Reputation: 117
I am new to python. I have a simple program to find the number of times a word has been used in a website.
opener = urllib2.build_opener()
opener.addheaders = [('User-agent', 'Mozilla/5.0')]
url = 'http://en.wikipedia.org/wiki/Albert_Einstein'
ourUrl = opener.open(url).read()
soup = BeautifulSoup(ourUrl)
dem = soup.findAll('p') #find paragraphs
for i in dem: # loop for each para
words = re.findall(r'\w+', i.text)
cap_words = [word.upper() for word in words]
word_counts = Counter(cap_words)
print word_counts
Thing is this gives me the word count para by para, instead of total word count of the website. What change is required. Also if i want to filter out common articles like a, an, the what code do i need to include.
Upvotes: 2
Views: 2098
Reputation: 37319
Assuming you really want to find only words contained in paragraphs, and are happy with your regexp, this is the minimal change to get the total word count of the retrieved document:
soup = BeautifulSoup(ourUrl)
dem = soup.findAll('p') #find paragraphs
word_counts = Counter()
for i in dem: # loop for each para
words = re.findall(r'\w+', i.text)
cap_words = [word.upper() for word in words]

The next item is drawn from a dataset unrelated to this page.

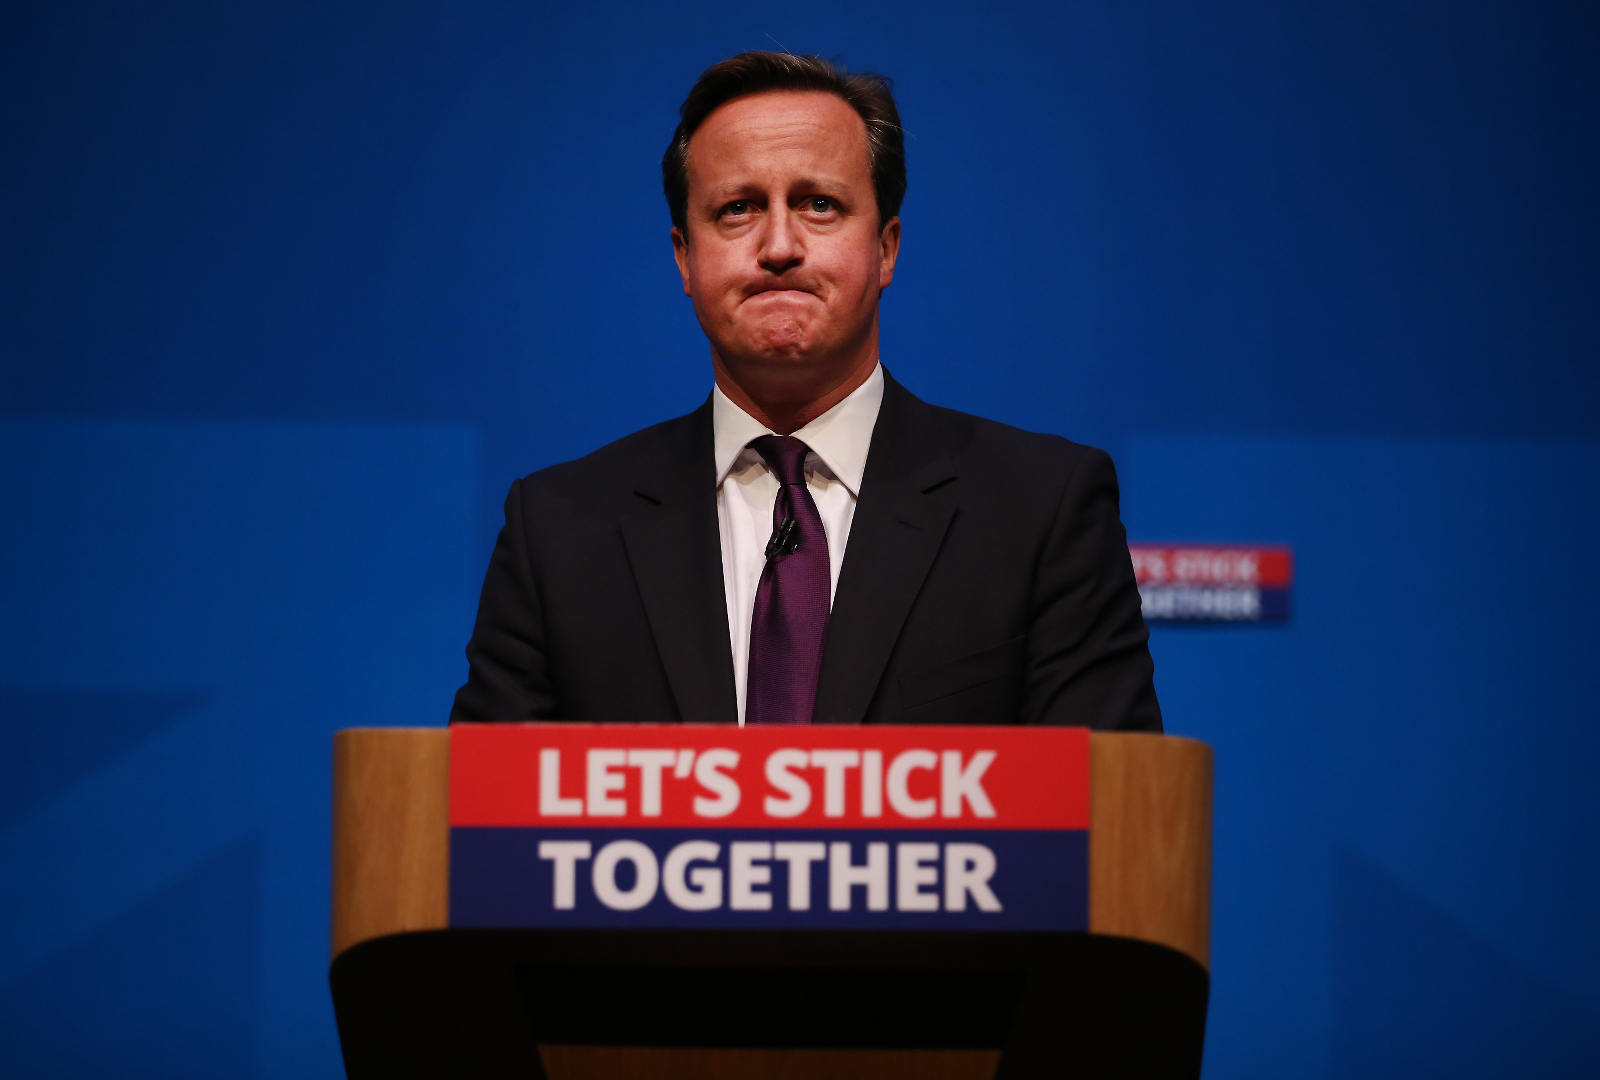 David Cameron Speaking in Edinburgh

word_counts.update(cap_words)
print word_counts
To ignore common words, one method would be to define a frozenset of ignorable words:
word_counts = Counter()
stopwords = frozenset(('A', 'AN', 'THE'))
for i in dem: # loop for each para
words = re.findall(r'\w+', i.text)
cap_words = [word.upper() for word in words if not word.upper() in stopwords]
word_counts.update(cap_words)
Upvotes: 1